Global cement production accounts for 7 per cent of annual greenhouse gas emissions in large part through the burning of quarried limestone. Now, a CU Boulder-led research team has figured out a way to make cement production carbon neutral—and even carbon negative—by pulling carbon dioxide out of the air with the help of microalgae.

The CU Boulder engineers and their colleagues at the Algal Resources Collection at the University of North Carolina Wilmington (UNCW) and the National Renewable Energy Laboratory (NREL) have been rewarded for their innovative work with a $3.2 million grant from the U.S. Department of Energy’s (DOE) Advanced Research Projects Agency–Energy (ARPA-E). The research team was recently selected by the HESTIA program (Harnessing Emissions into Structures Taking Inputs from the Atmosphere) to develop and scale up the manufacture of biogenic limestone-based portland cement and help build a zero-carbon future.

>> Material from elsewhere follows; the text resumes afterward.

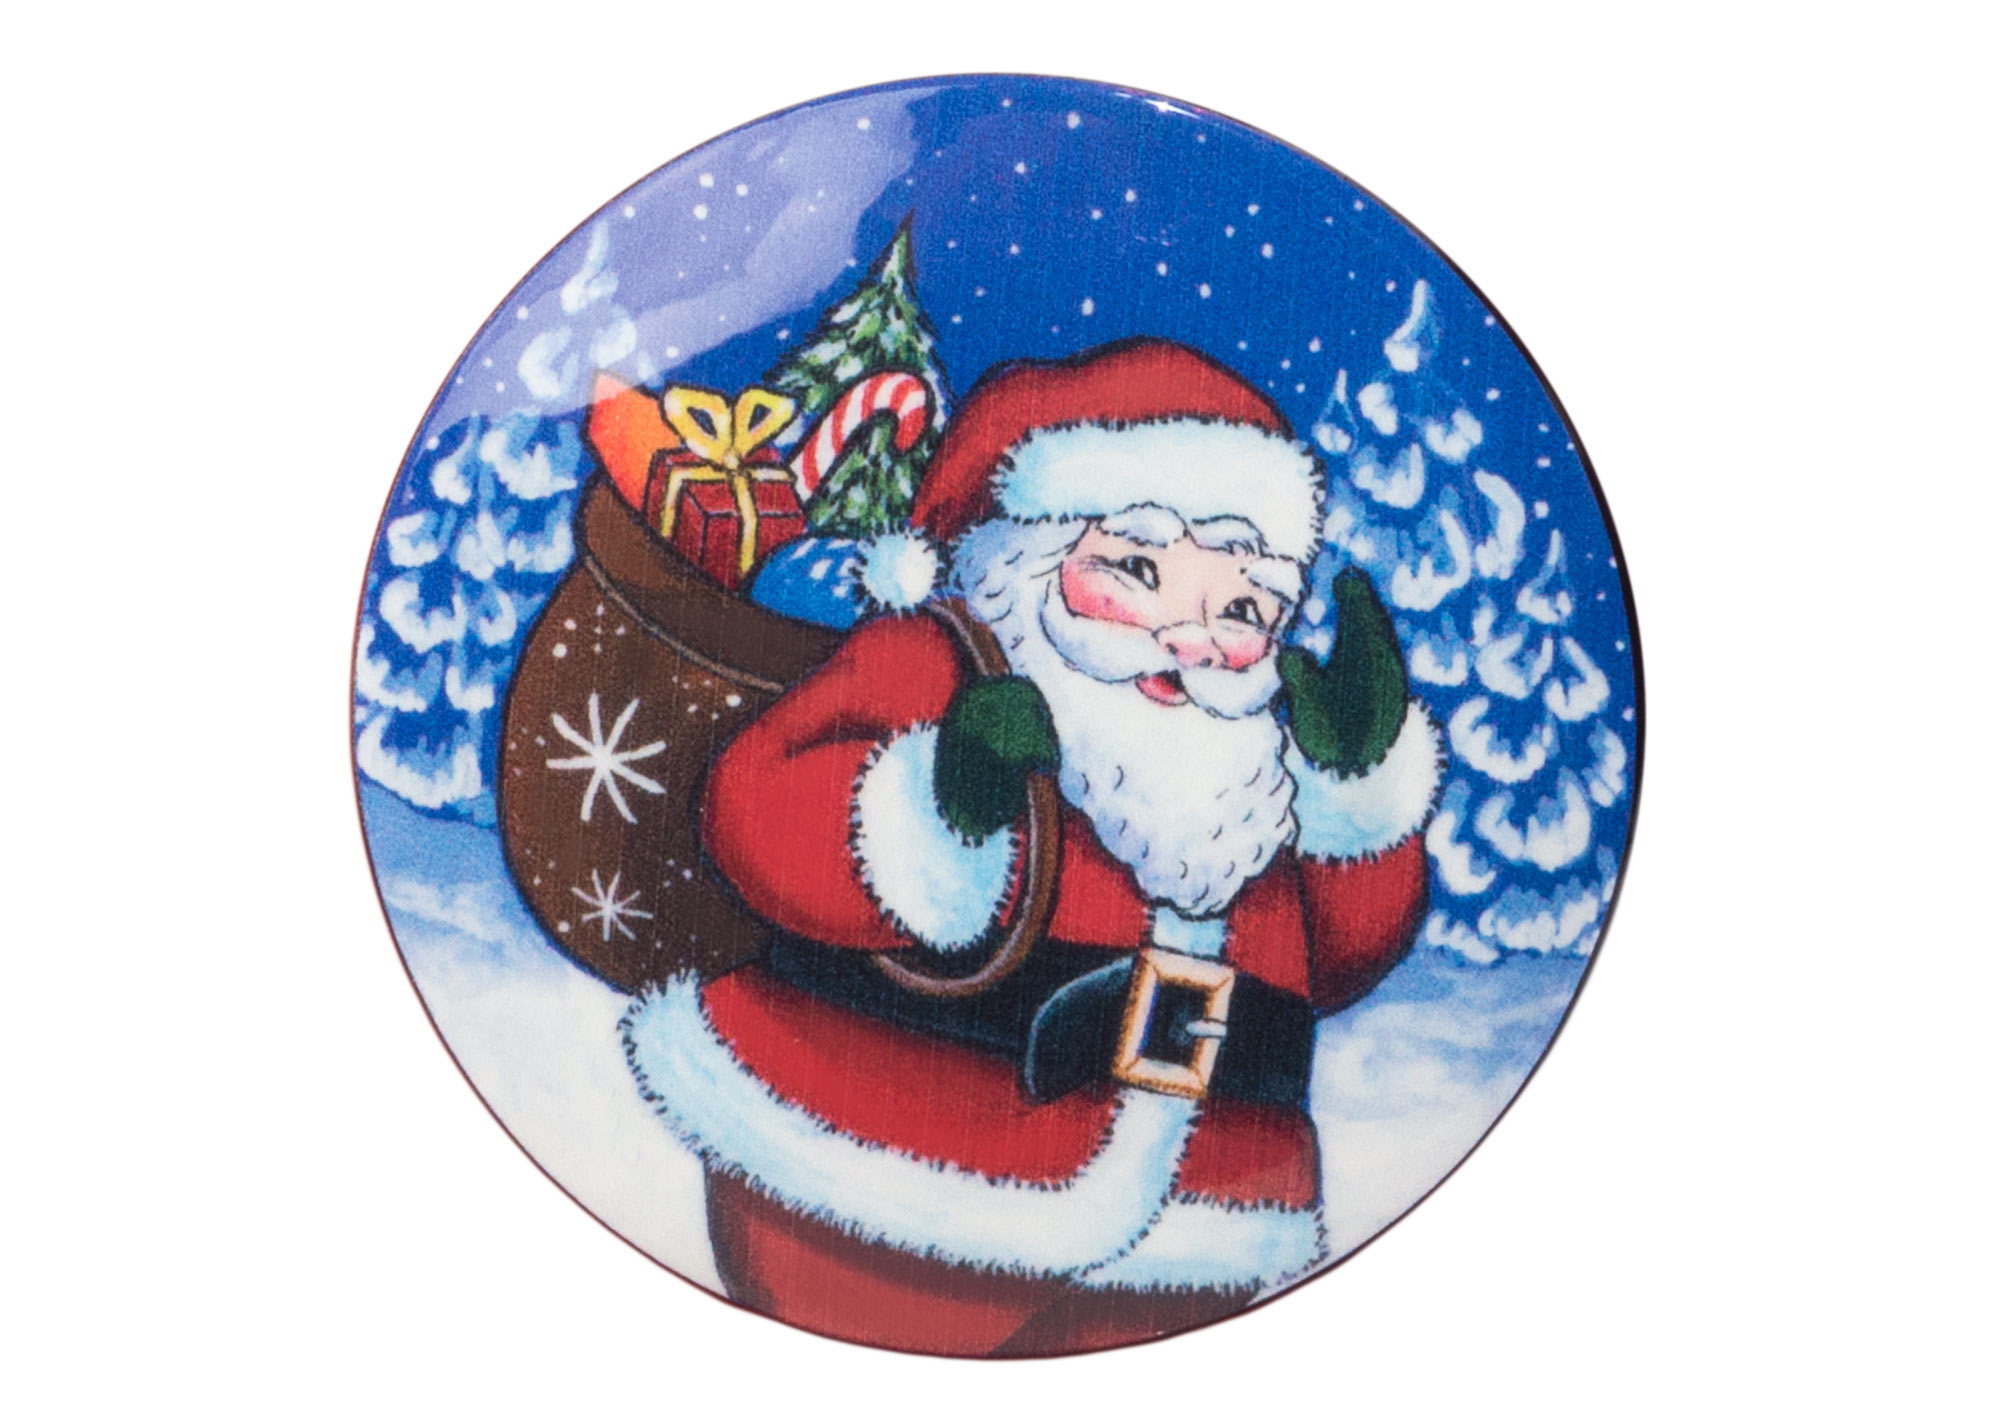 Buy Santa on the Way Brooch 2.5" at GoldenCockerel.com

“This is a really exciting moment for our team,” said Wil Srubar, lead principal investigator on the project and associate professor in Civil, Environmental and Architectural Engineering and CU Boulder’s Materials Science and Engineering Program. “For the industry, now is the time to solve this very wicked problem. We believe that we have one of the best solutions, if not the best solution, for the cement and concrete industry to address its carbon problem.”

Concrete is one of the most ubiquitous materials on the planet, a staple of construction around the world. It starts as a mixture of water and portland cement, which forms a paste to which materials such as sand, gravel or crushed stone are added. The paste binds the aggregates together, and the mixture hardens into concrete.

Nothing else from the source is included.